- [GOAL OF THE EXERCISE]: This exercise calls for all the entries that follow to be set down exactly, without their images.

- [DATASET CONTENT]:
+ + +

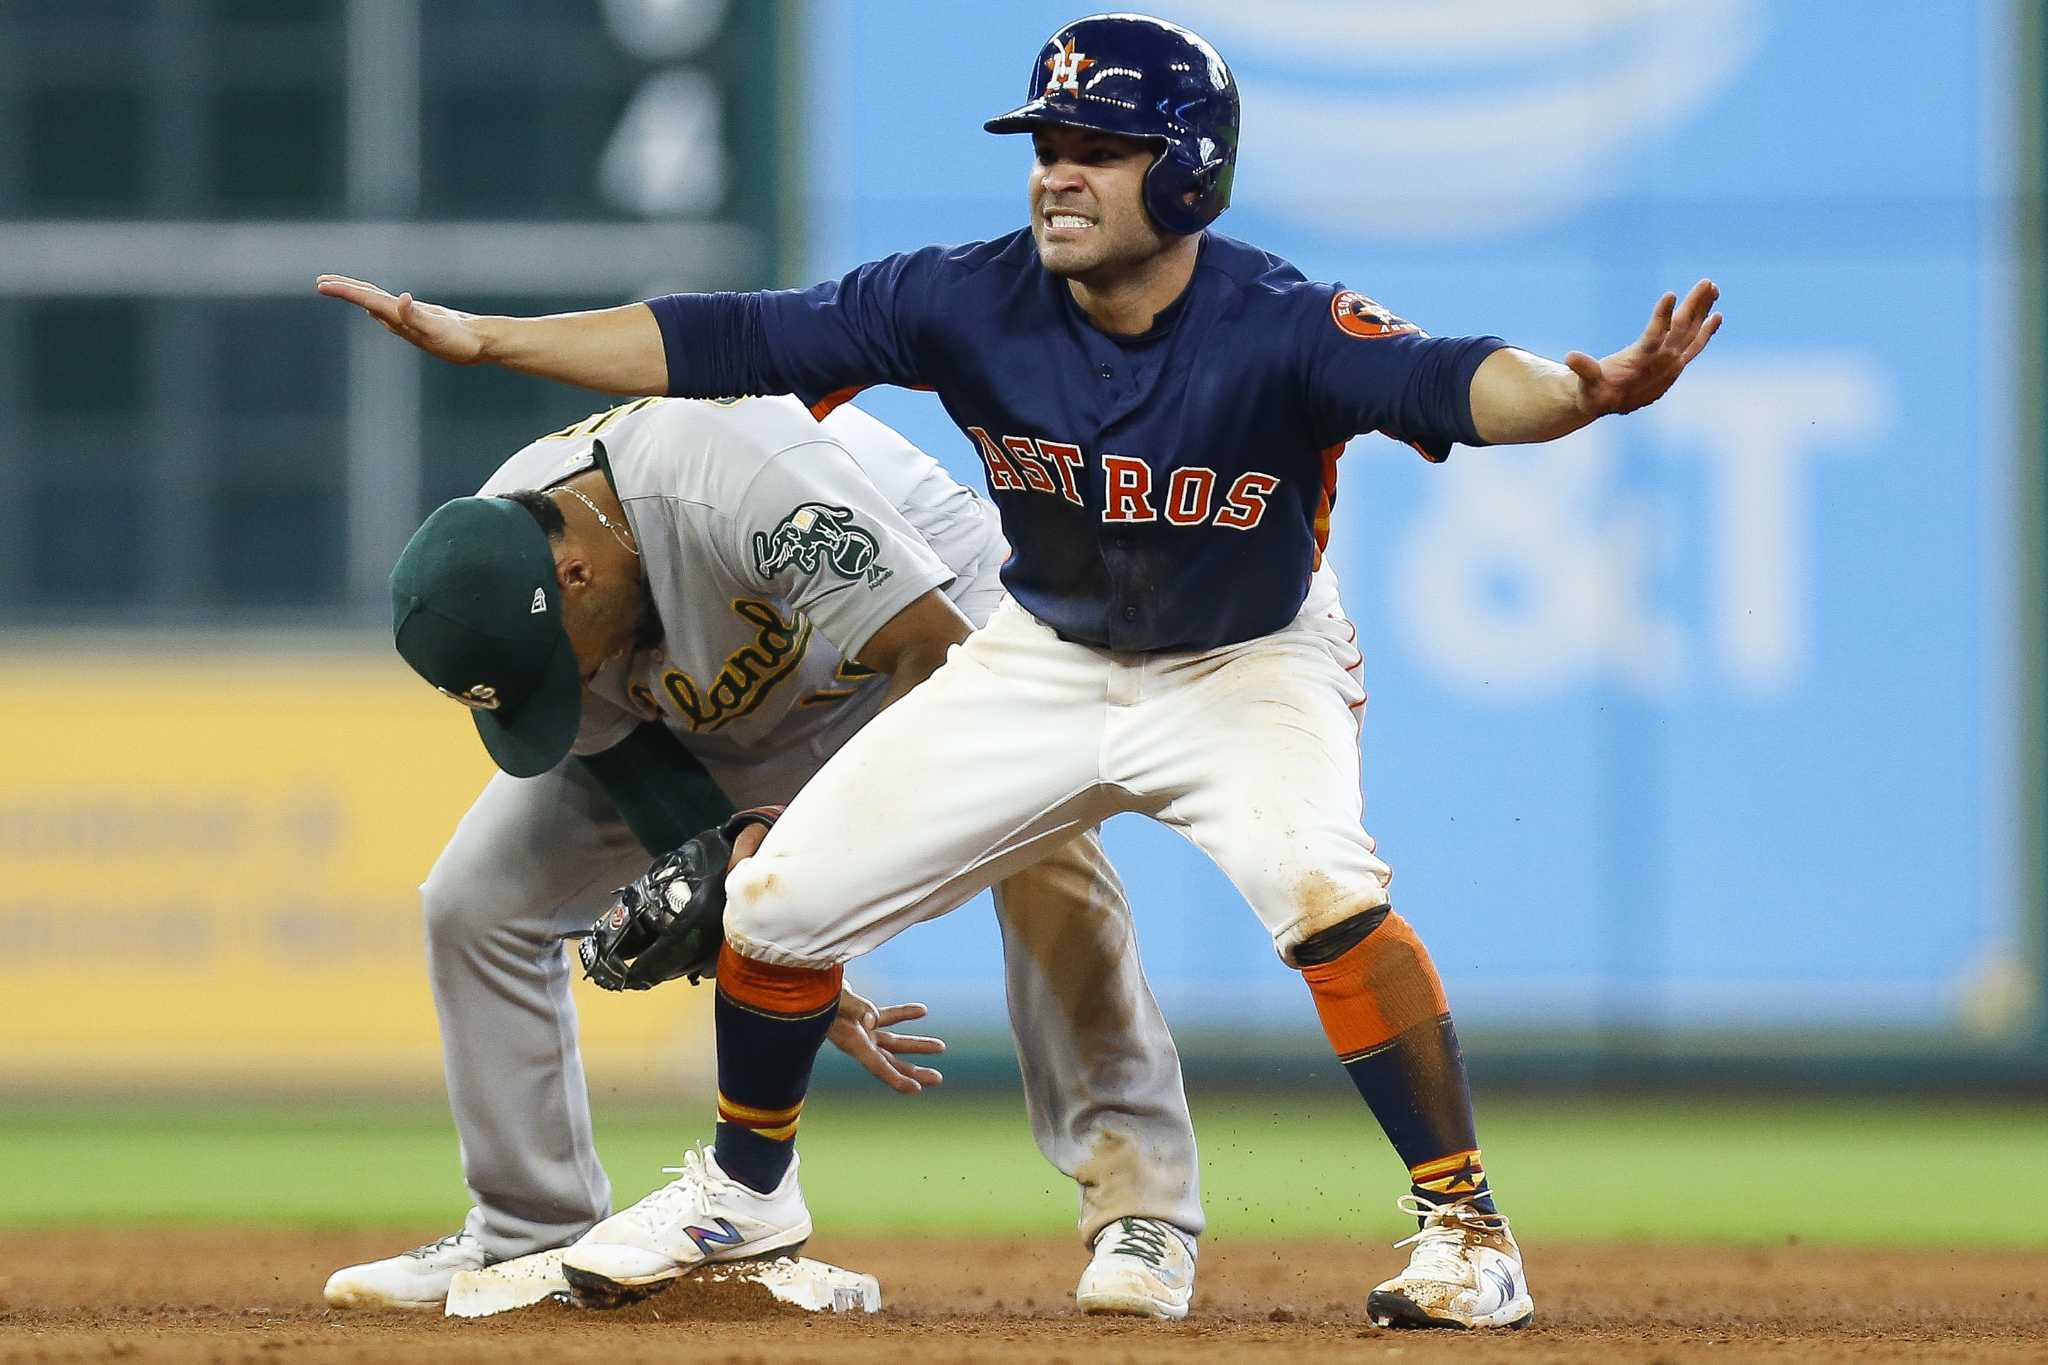 Jose Altuve looks to extend Astros' postseason success
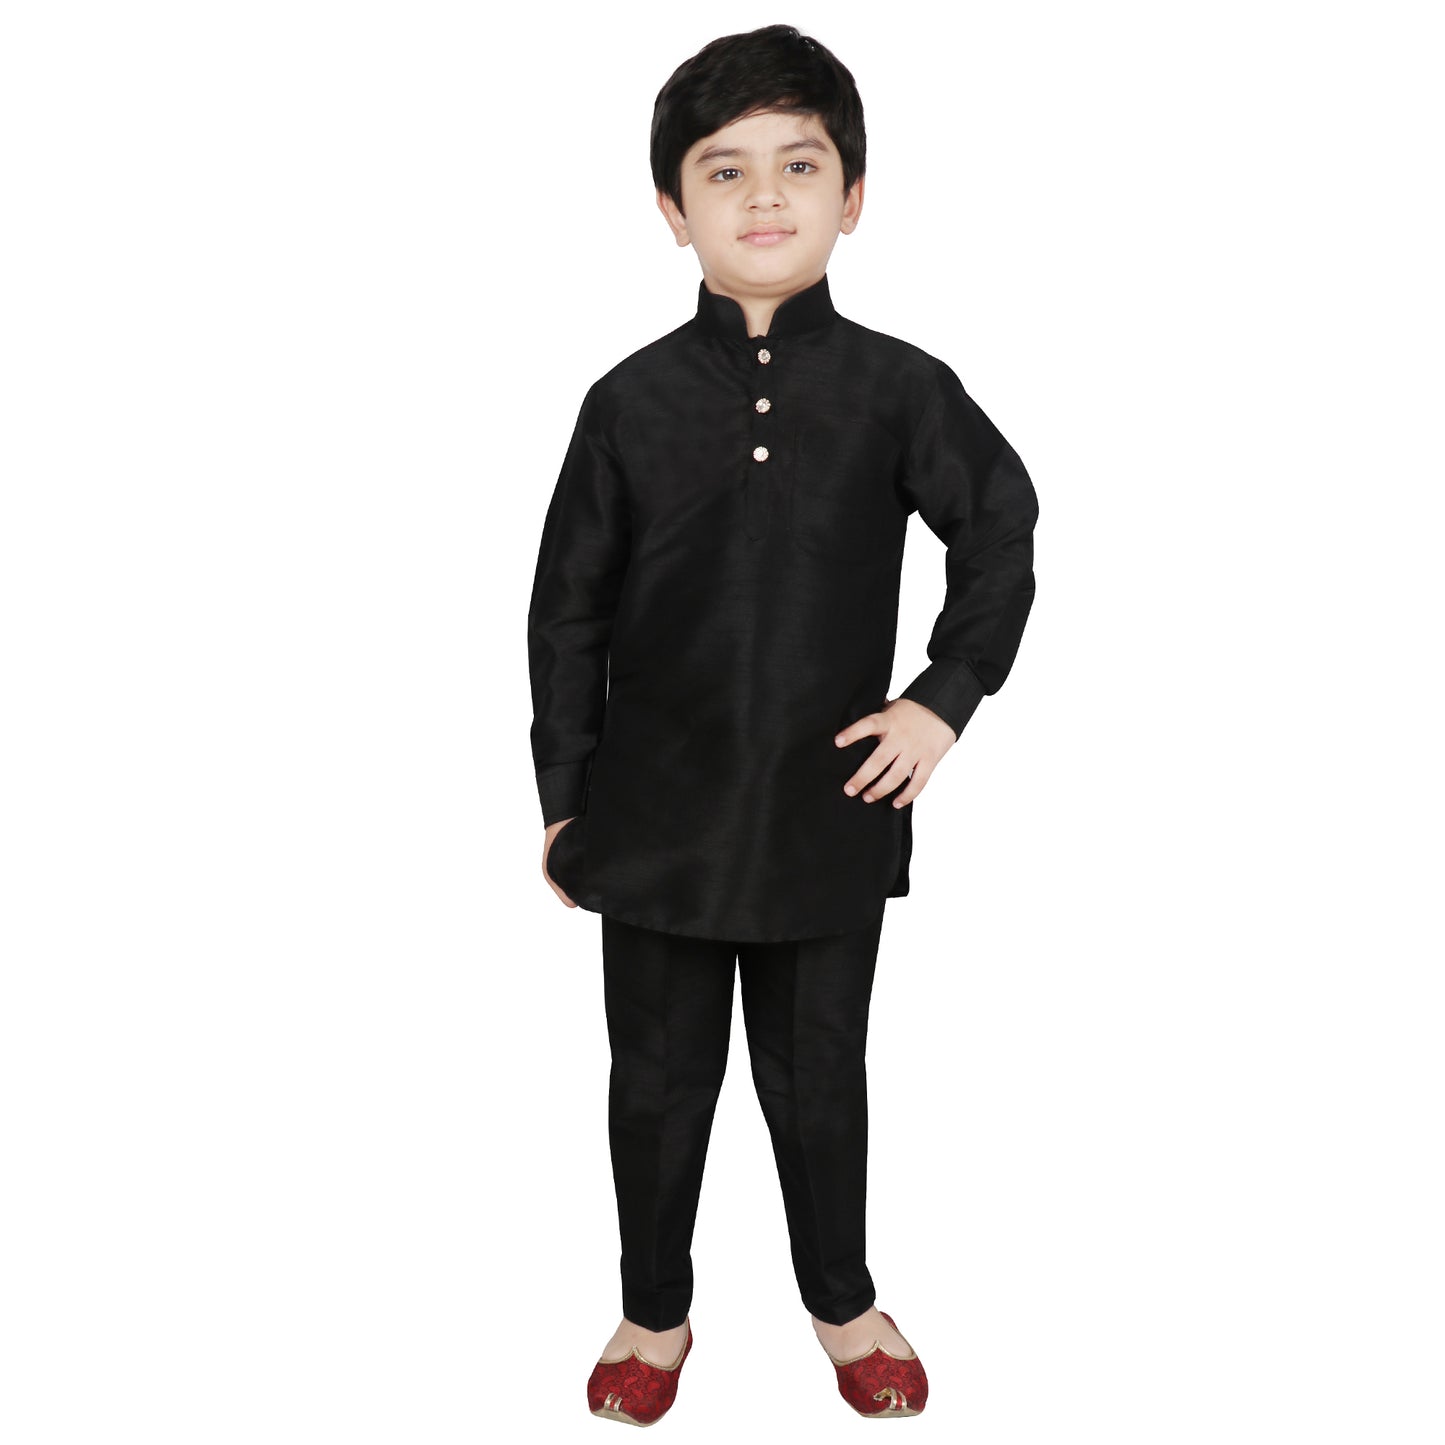 SG YUVRAJ Pathani Suits For Boys (YP-111)
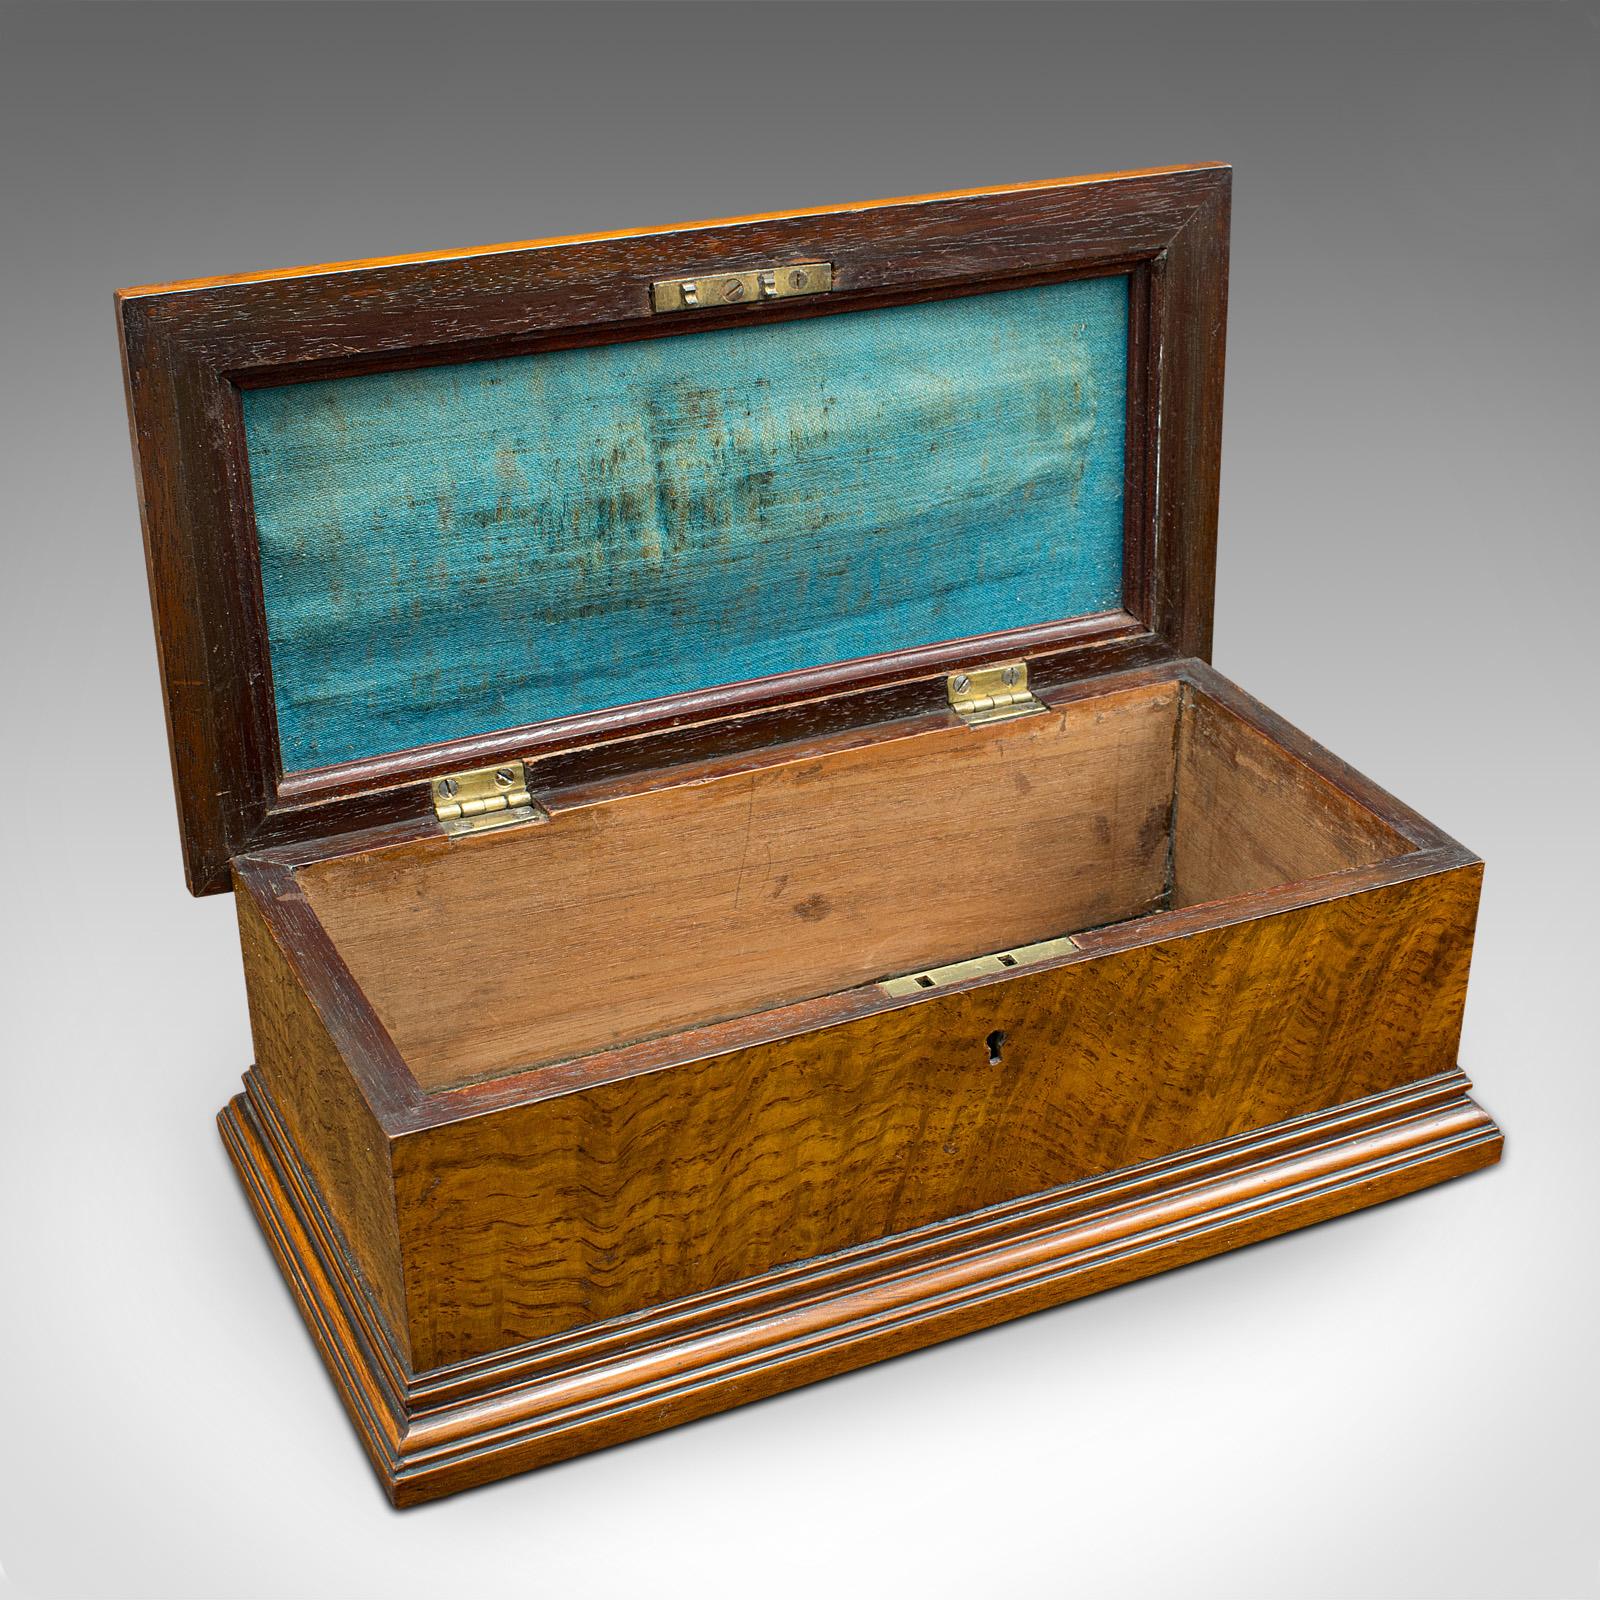 Il s'agit d'une ancienne boîte à gants pour homme. Coffret à souvenirs ou à cartes en forme de sarcophage en noyer, datant du milieu de la période victorienne, vers 1870.

Une délicieuse fabrication artisanale, idéale pour le meuble d'appoint ou la
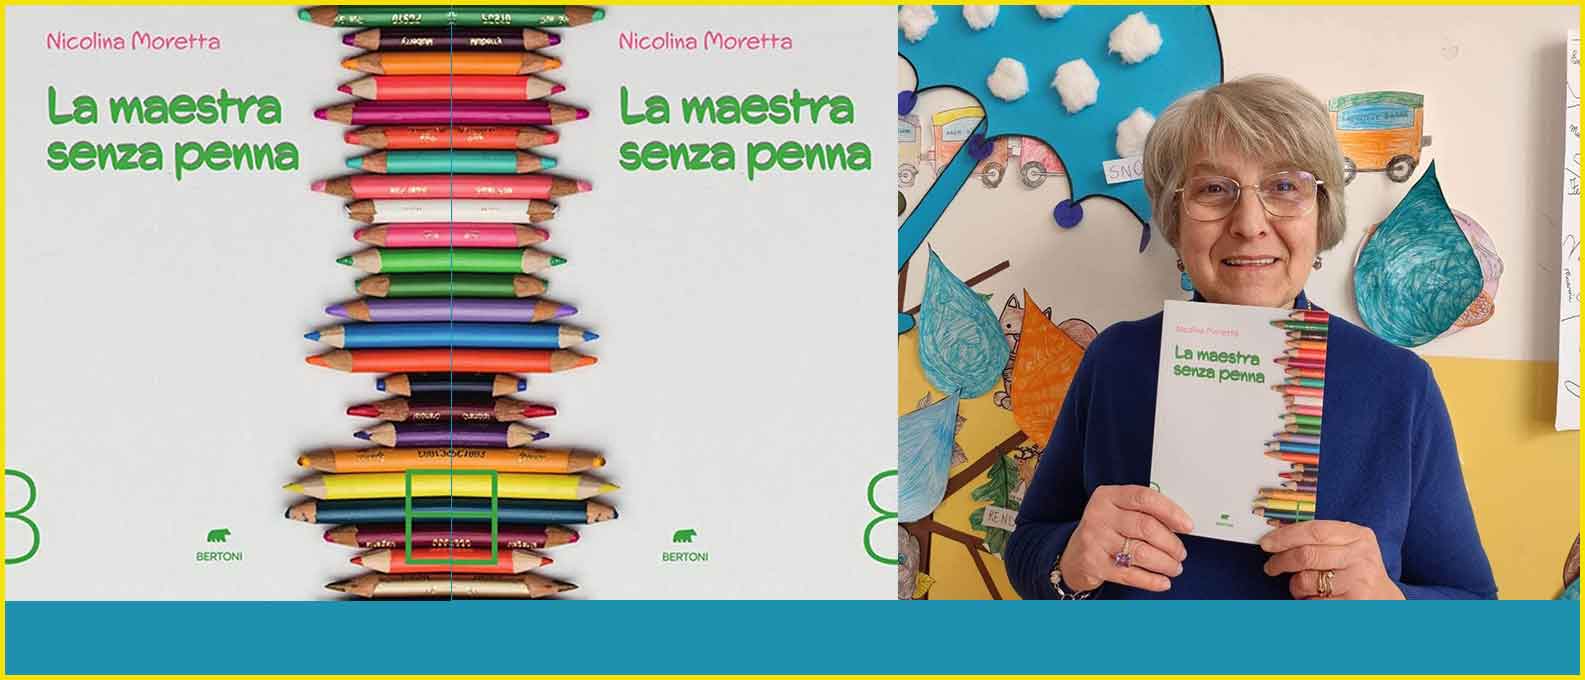 Nicoletta Moretta “La maestra senza penna”.

+ + +

- [RESPONSE]:
 Jose Altuve looks to extend Astros' postseason success
 SG YUVRAJ Pathani Suits For Boys (YP-111)
 Il s'agit d'une ancienne boîte à gants pour homme. Coffret à souvenirs ou à cartes en forme de sarcophage en noyer, datant du milieu de la période victorienne, vers 1870.

Une délicieuse fabrication artisanale, idéale pour le meuble d'appoint ou la
 Nicoletta Moretta “La maestra senza penna”.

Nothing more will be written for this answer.